According to a piece in this month’s issue of Evidence-Based Oncology™, the risk of inheriting a BRCA mutation is 1:40 for those of Ashkenazi descent, which is 10 times higher than that of the general population. However, most primary care physicians are unaware of this risk and thus do not routinely offer high-risk population genetic counseling and testing. As a result, most BRCA-positive men and women learn of their mutation only after receiving an advanced-stage cancer diagnosis and/or losing a loved one to BRCA-related cancer.
For women with ancestry-related risk, as well as women with a personal history of BRCA-related cancers, USPSTF issued a grade B recommendation that providers assess women with a familial risk assessment tool. Those who have a positive result should receive genetic counseling and, if indicated after counseling, genetic testing.
However, the benefit of assessment, counseling, and testing does not spill over to women with a personal or family history that is not associated with potentially harmful BRCA1/2 mutations, according to the task force, which issued a D recommendation for risk assessment and genetic counseling and testing for this group.
The changes in the updated recommendation are undoubtedly a positive step forward, but the recommendation still leaves some issues unresolved, argued Susan Domchek, MD, executive director of the Basser Center for BRCA at the Abramson Cancer Center at the University of Pennsylvania, and Mark Robson, MD, medical oncologist and chief of Breast Medicine Service at Memorial Sloan Kettering Cancer Center, in an accompanying editorial.2
“Importantly, but not included in this recommendation, BRCA1/2 status is relevant for patients with newly diagnosed early stage breast cancer for surgical decision making and can also be used to determine appropriate treatment of certain advanced cancers,” they wrote.
The pair also cited concerns over growing use of multigene panel testing, which has largely replaced BRCA1/2 testing. While the panels detect more pathogenic variants, they also create certain challenges, including increasing the number of detected variants of uncertain significance and identifying pathogenic variants with unclear associations of disease risk.

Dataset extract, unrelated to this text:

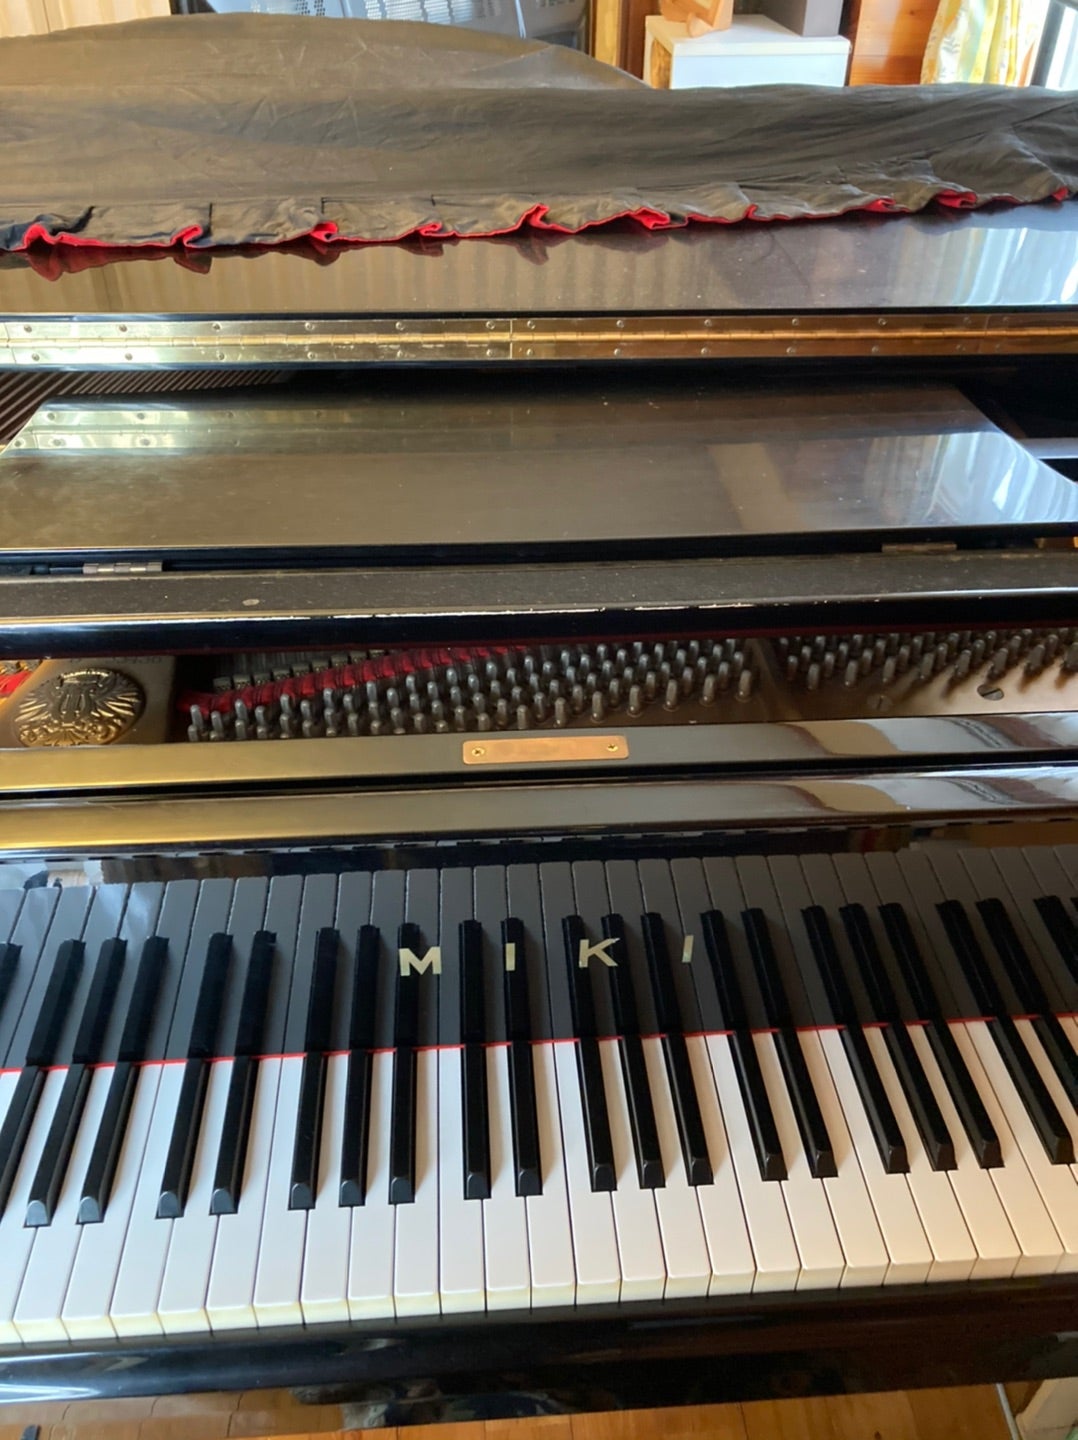 MIKIグランドピアノが2台 | Klavier craft のらりくらりブログ

At the same time, direct-to-consumer genetic testing has increased in recent years. For example, in March 2018, the FDA authorized 23andMe’s test for 3 common BRCA mutations associated with Ashkenazi Jewish ancestry. However, many people of Ashkenazi descent with strong histories of cancer carry an uncommon BRCA mutation, or a mutation in one of dozens of other cancer genes that 23andMe does not test. In addition to consumers having misconceptions about what these tests offer, the results are not always accurate, both of which highlight the need for confirmatory testing to validate results and genetic counseling to help consumers understand them. Luckily, insurers are beginning to get on board.